Hi can anyone tell me if it is possible to order a replacement carpet from anywhere, for the Swift Bolero ? we have had a problem with a leak from under the fixed bed boiler, and it has spoilt the carpet.............I have been so particular covering the carpets with rugs etc and now this has happened :roll: the carpet was drenched. Hopefully the boiler is being sorted out tomorrow. Been without our baby for a week now as it has been with Fiat at Lincoln and I just can't wait to get him back.


----------



## Rapide561 (Oct 1, 2005)

*Bolero Carpets*

Hello my little cherrub!

Any dealer should be able to order the carpet for you. Somewhere there will be a label with the colour/patten, failing that, your motorhoe model number, MH xxxxx etc.

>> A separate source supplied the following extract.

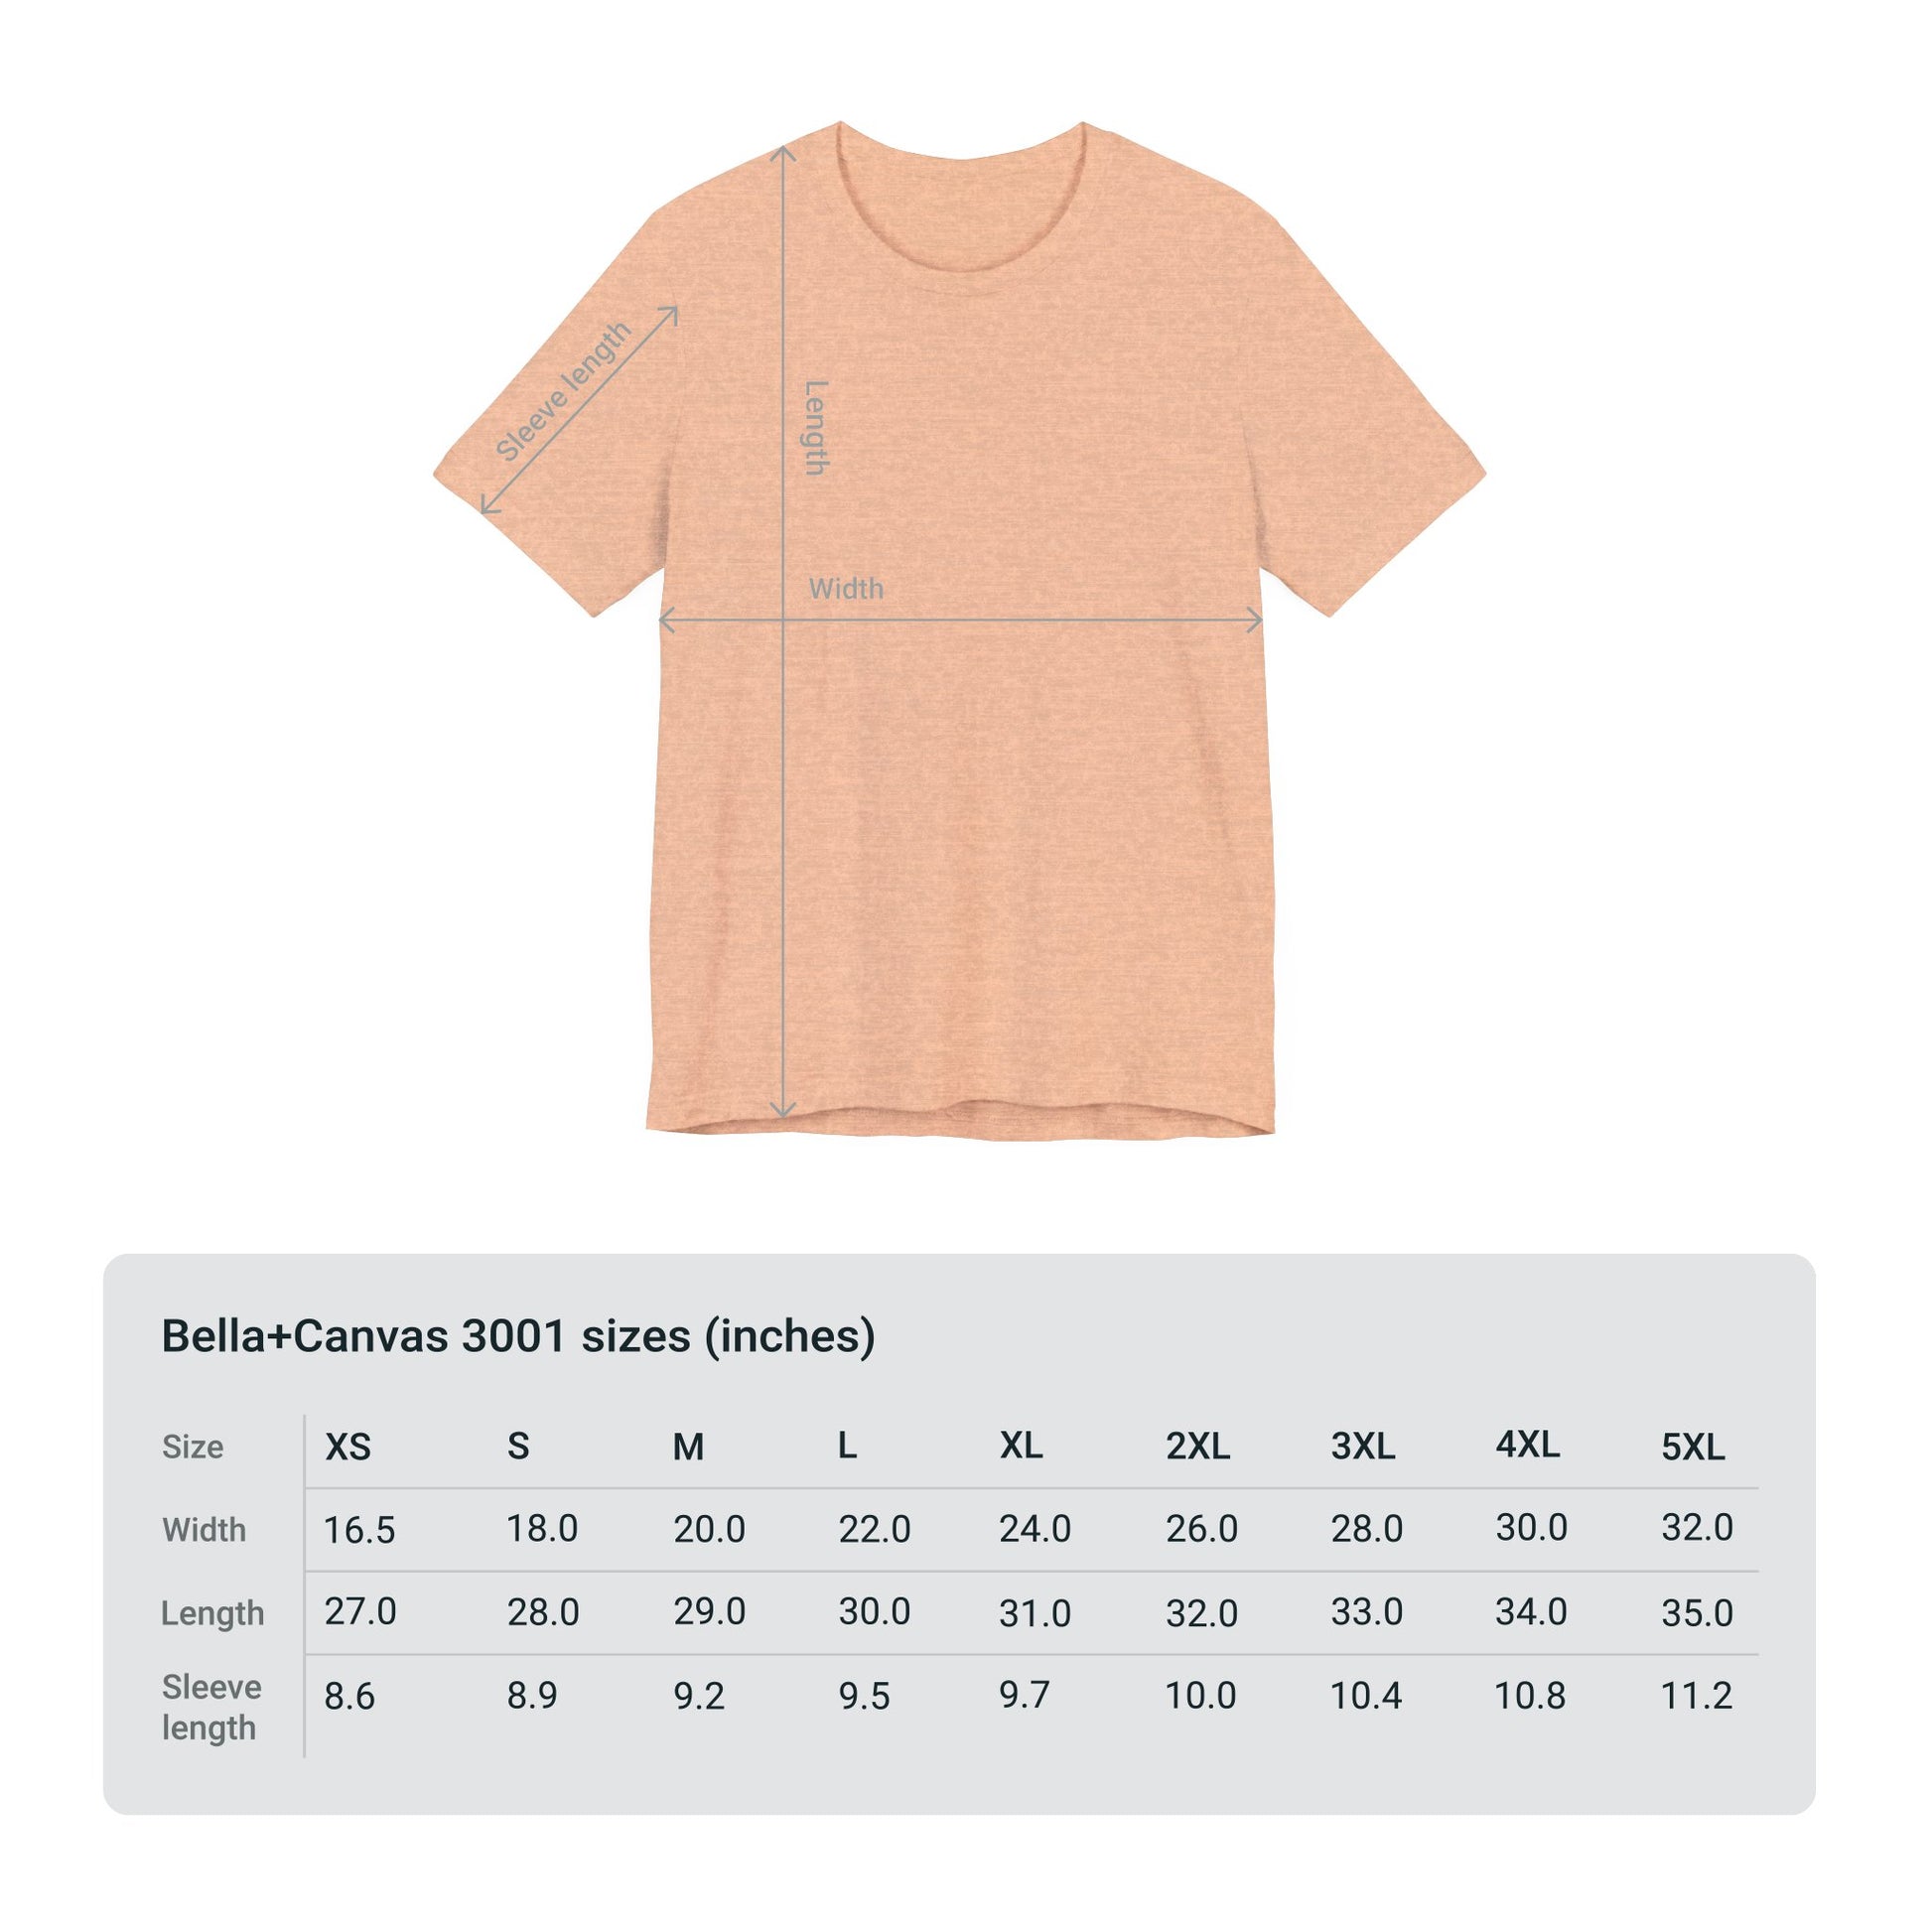 Peach-colored Printify Bella + Canvas 3001 voting women's t-shirt with size chart showing measurements from xs to 5xl.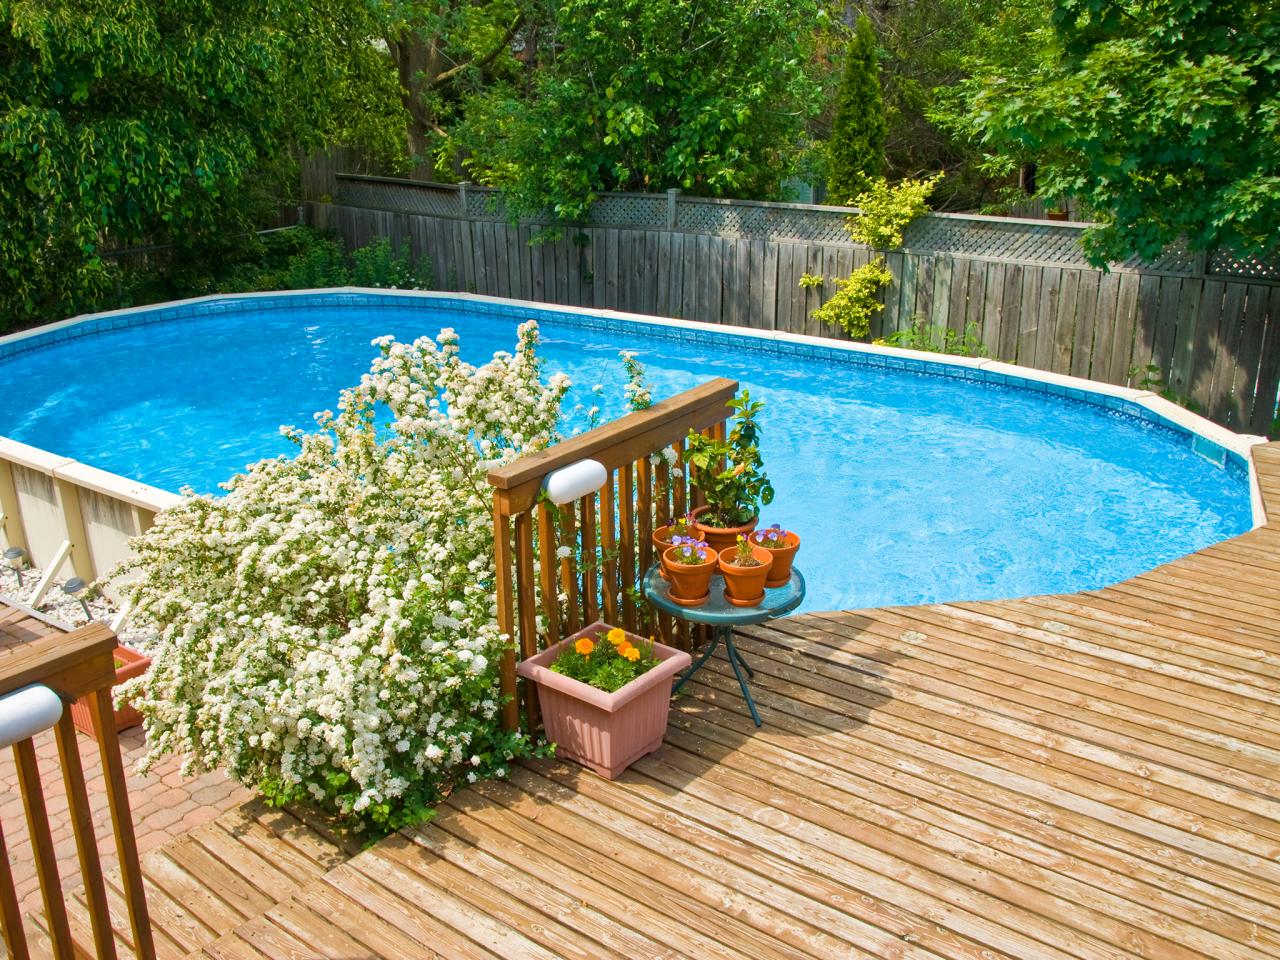 The most effective method to Cover An Above Ground Pool With A Deck

You might not need to order though. The day I got this van, I had an unfortunate incident with a bucket of water.......the carpet dried perfect.

Russell


----------



## Briarose (Oct 9, 2007)

*Re: Bolero Carpets*



Rapide561 said:


> Hello my little cherrub!
> 
> Any dealer should be able to order the carpet for you. Somewhere there will be a label with the colour/patten, failing that, your motorhoe model number, MH xxxxx etc.
> 
> ...


Thanks Russ on the ball as always.................my carpet has a dirty mark on it, as I say I have been so flipping particular and then this happens through no fault of our own :roll: I would rather pay to replace it as it is truly bugging me.


----------



## JohnsCrossMotorHomes (Jul 21, 2007)

*Re: Bolero Carpets*



Rapide561 said:


> Hello my little cherrub!
> 
> Russell


Got to laugh at that Russell you goat!

If you contact Ian in our parts dept with the details, I am sure he will be able to organise a replacement, but dont hold your breath as regards speed out of Swift on that one.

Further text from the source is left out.